Within that society, no group has any more or less rights than any individual or other group. 
Tim.

----------


## TronDD

I would like to retract my statement that rights are granted by society. 
Rights exist because of Man's interaction with others.  No one grants them.  
This scenario hopefully demonstrates what I mean: 
If you lived on an island alone, rights are a nonissue because there is no interaction with other people.  If I showed up on this island and I decide I want you dead, would it be ok to kill you because no one has granted anyone any rights?  Since you haven't been granted the right to life, do you let me kill you?  I would think you would fight back.  That would be you exercising your right to life.  No one had to grant it, it just came out in our interection with each other.  It would be ok to kill me in self-defense because I did not recognize your right to life.  A right no one had to grant to you. 
Society is simply interaction between Men.  A rational society, will uphold each individual's rights and protect them from others.  They use a government for that purpose. 
Tim.

----------


## Jasper May

This is truly a most charming discussion, but, I'm afraid, not in the slightest related to the subject of this topic or indeed the whole forum.

----------


## bad manners

> Originally Posted by bad manners        Originally Posted by TronDD  I was refering to rights in my statement you quoted.  A group cannot violate anyone else's rights in the same way an individual cannot.   It can and does in every society.   I am talking about what is correct (right vs. wrong).  Yes, bad things can and do happen but that does not make them correct.  I think we are arguing about different things.

 "Right" and "wrong" are subjective. Use more specific terms please. I, however, did not mean "right" or "wrong". I simply stated that groups did (and do) "violate" rights of an individual according to the laws established within those groups. For example, in most countries in the world it is illegal to have weapons of mass destruction "privately". Gross injustice, if you ask me.   

> Originally Posted by TronDD  One always has rights.  Regardless of whether or not they can, or choose to excercise them.   So long as "one" is alone or the society grants them.

 And then the society alienates them whenever it feels like that. That's precisely what I mean. The society has special rights that an individual has not.   

> What is the "human rights doctrine"?  We may be arguing on different pages again.   I support and am speaking from the viewpoint of laissez-faire Capitalism which is based around the rights of Man.  I don't see how what you are saying about ignoring group relationships is part of that system.

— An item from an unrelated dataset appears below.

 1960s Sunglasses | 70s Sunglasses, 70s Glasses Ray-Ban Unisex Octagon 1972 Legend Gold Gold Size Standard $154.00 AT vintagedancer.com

 Then I suggest that you familiarize yourself with this doctrine. As for "laissez-faire Capitalism", I do not see how it connects with human rights. This is a term for a special utopist model of economy. Get your terminology right.   

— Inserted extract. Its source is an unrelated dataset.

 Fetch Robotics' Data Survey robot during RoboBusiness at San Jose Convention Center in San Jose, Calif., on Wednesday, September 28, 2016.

> That is the roll of goverment.  So, yes,  I can see your point that society, the group, has power over the individual in this case.  But only government is given that power by the people governed by it, that includes the criminals.  If you do not wish to be governed by it, you are free to leave that nation.

 Ro*le*. What you just said will suffice to deem you a die-hard totalitarian. In a liberal and democratic state, government is merely an agent of the people, it is elected by the people, is driven by the people and implements the will of the people. It _is_ the people. 
But I agree with this definition of yours, because it actually makes more sense than the democratic nonsense I wrote just above. If a person cannot live in a society, that person should leave the society, and I have said that before.   

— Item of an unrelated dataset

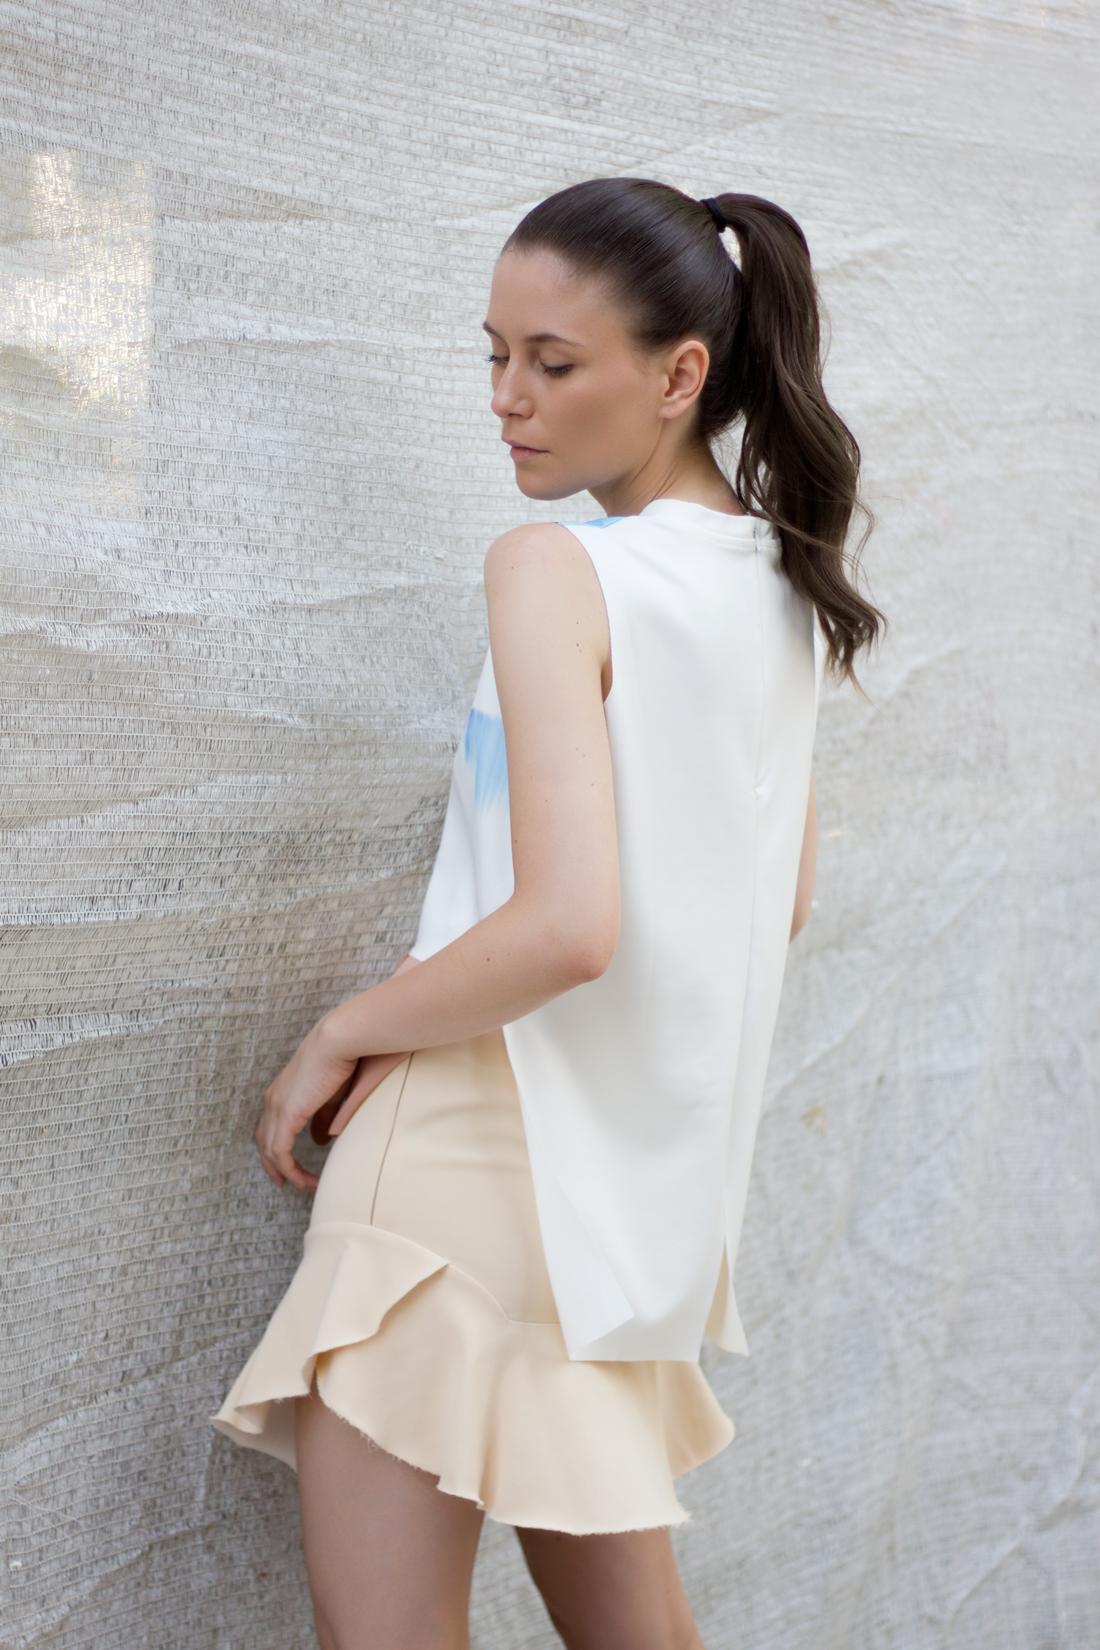 Zara Nude Skirt   Oasap Top   AfterTwoFive.com

> Within that society, no group has any more or less rights than any individual or other group.

 Ever heard about immunity? And how come that when a police officer pulls me over, whatever the reason, I suddenly lose my right to "move freely"?

----------


## bad manners

> I would like to retract my statement that rights are granted by society. 
> Rights exist because of Man's interaction with others.  No one grants them.  
> This scenario hopefully demonstrates what I mean: 
> If you lived on an island alone, rights are a nonissue because there is no interaction with other people.  If I showed up on this island and I decide I want you dead, would it be ok to kill you because no one has granted anyone any rights?  Since you haven't been granted the right to life, do you let me kill you?  I would think you would fight back.  That would be you exercising your right to life.  No one had to grant it, it just came out in our interection with each other.  It would be ok to kill me in self-defense because I did not recognize your right to life.  A right no one had to grant to you. 
> Society is simply interaction between Men.  A rational society, will uphold each individual's rights and protect them from others.  They use a government for that purpose. 
> Tim.

 I have already replied to a similar "binary" argument. As soon as there are more Men, its simplicity becomes oversimplification.

----------


## TronDD

> It can and does in every society.

 Ok agreed, but a just society doesn't allow it.  I guess the question is: Can a just society exist?"  That's another debate.   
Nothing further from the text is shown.